PhoneGap EU Day 2012

Friday 14 Sep 2012, Compagnietheater Amsterdam


09:30 Opening remarks by Andre Charland (Adobe) @andrecharland

In the year since 1.0 was released, there have been 10,000,000+ visits to phonegap.com, and 1,000,000+ downloads of the phonegap software. build.phonegap.com, the automated build service (so you don't have to compile all the different targets yourself) has 100,000 users, and is due for a formal release "soon."

Regarding naming confusion, "Cordova" is the Open Source project, owned by the Apache foundation, and "PhoneGap" is Adobe's distribution. (Just like "Linux" is the core Open Source project, and "Ubuntu" is a distribution of it.)

PhoneGap 2.1 is just about to be released (within the next few days, probably).
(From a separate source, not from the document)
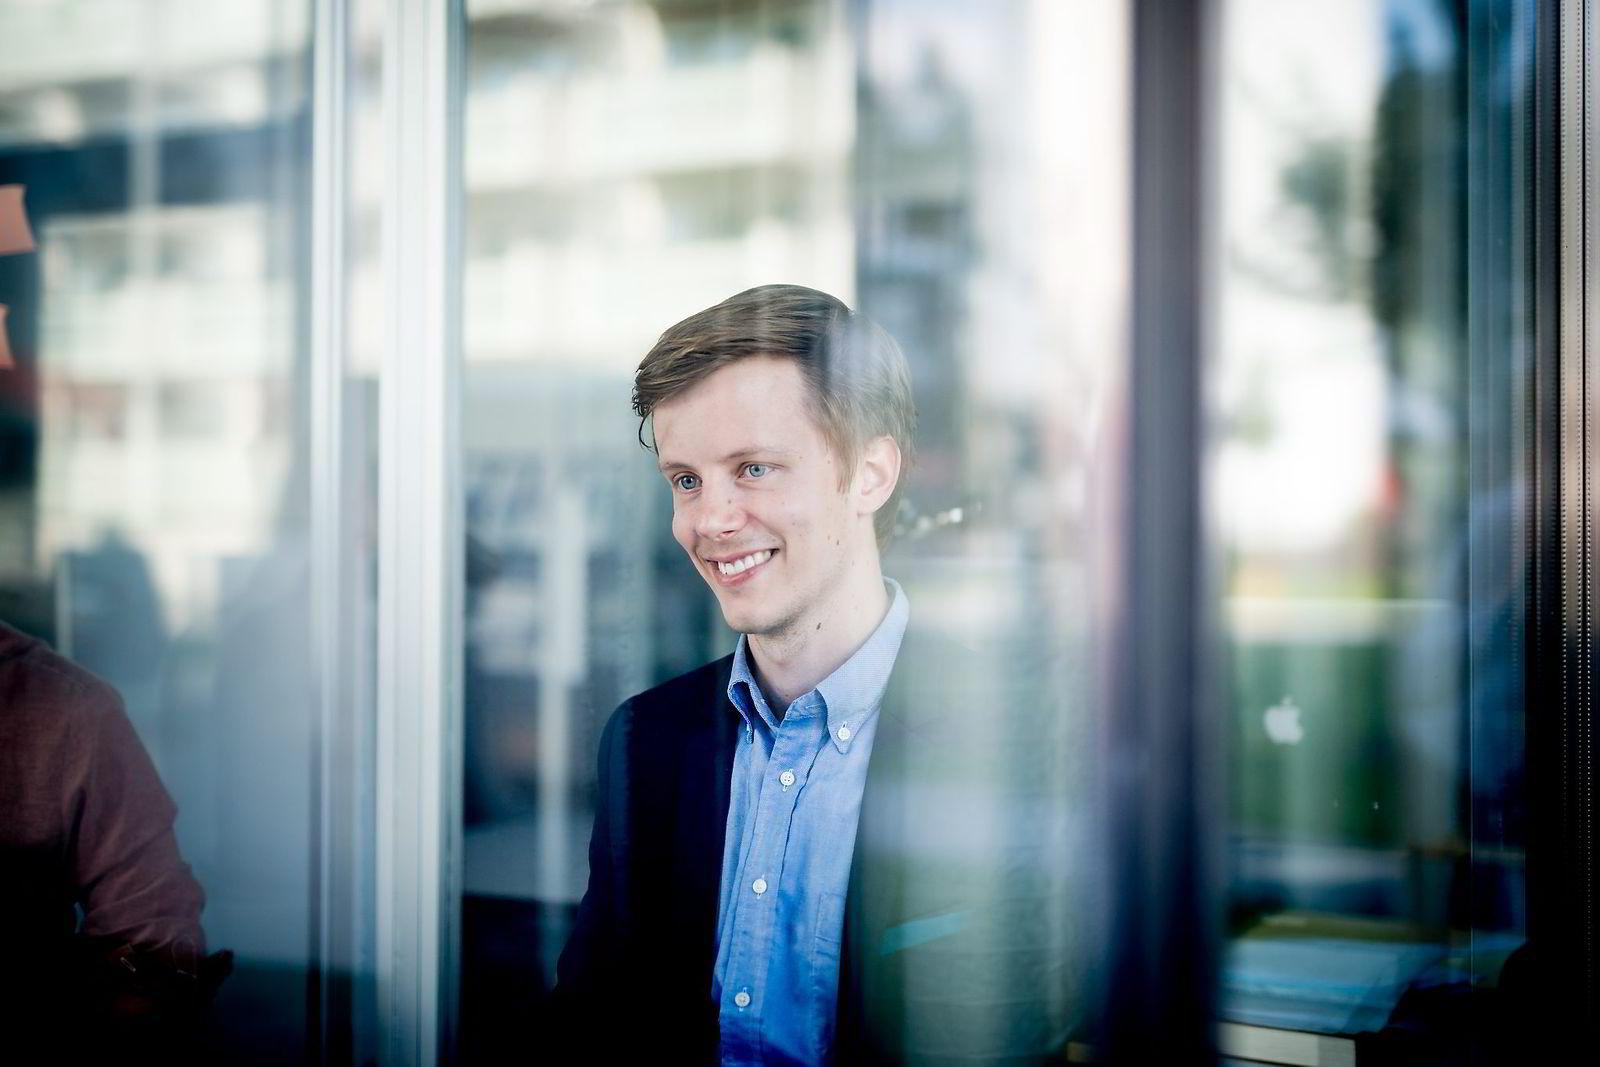 21.08.2015 Stavanger Henrik Jesman Sunde i Zoaring AS, de to gründerne har satset på infographic-filmer for bedrifter.                    FOTO:
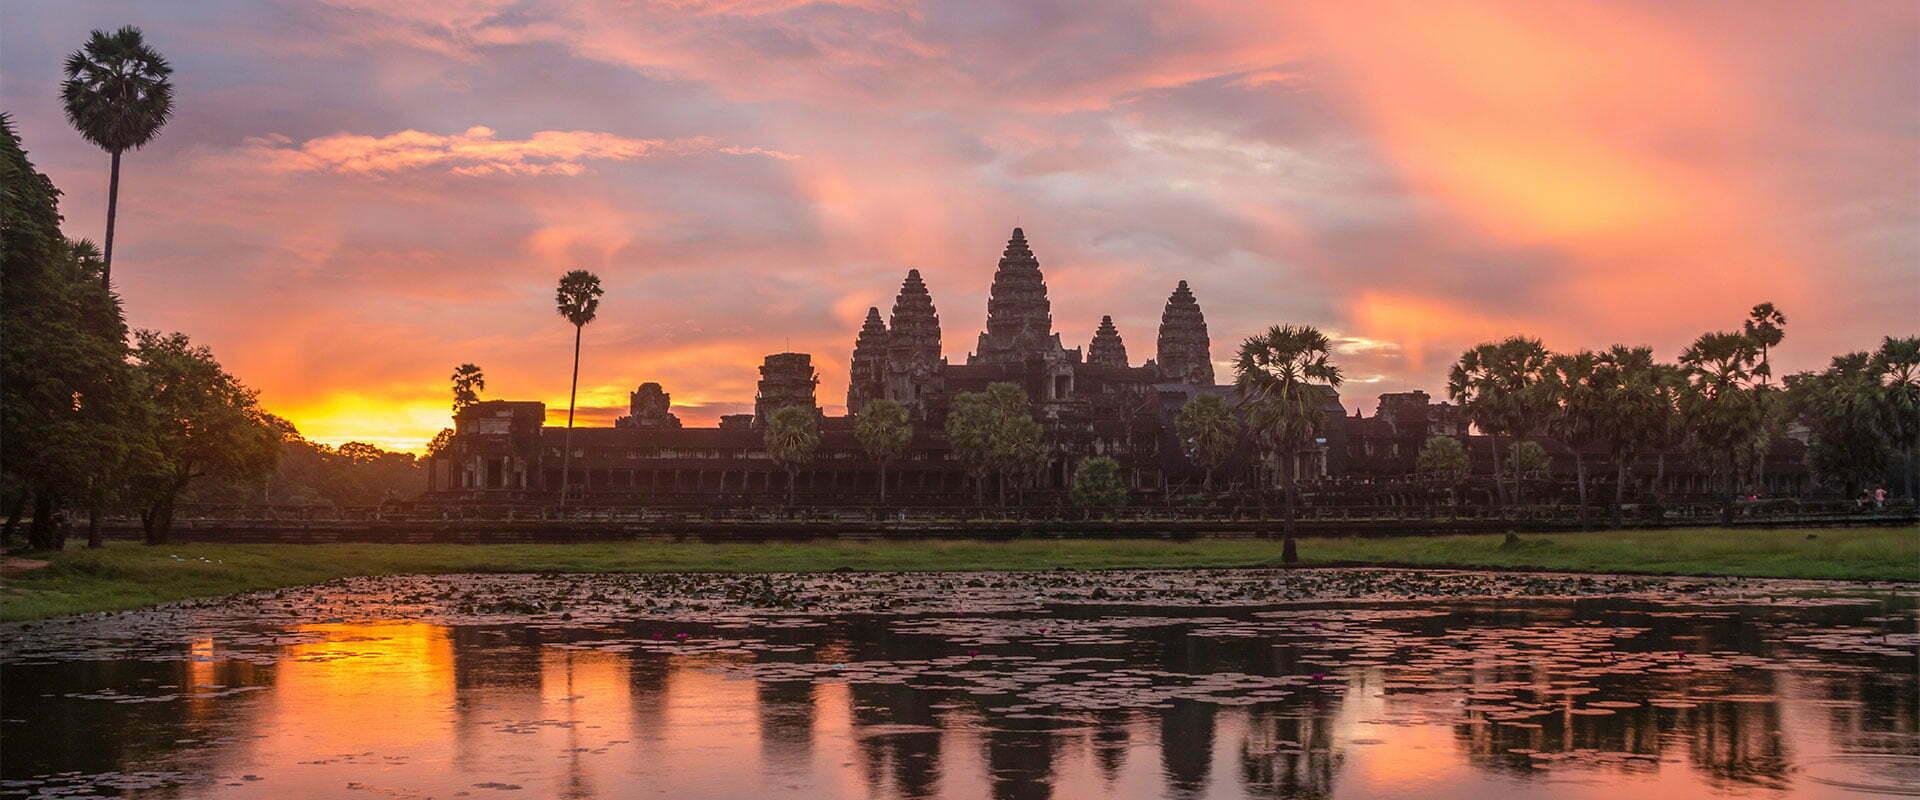 Des Tribus du Haut Tonkin aux Temples d'Angkor 19 jours

PG has been running as an Apache "incubator" project for some time, but 2.1 will be the first release as a full Apache project.

09:45 Simon Cross (Facebook) @sicross

Slides: https://speakerdeck.com/u/sicross/p/phonegap-day-eu-2012

2 years ago Facebook was a pure web company, built on PHP and JavaScript. They were used to releasing code many times per day. They already had a mobile web site, and wanted to use this as the basis for their iOS App (Faceweb) so they could scale quickly.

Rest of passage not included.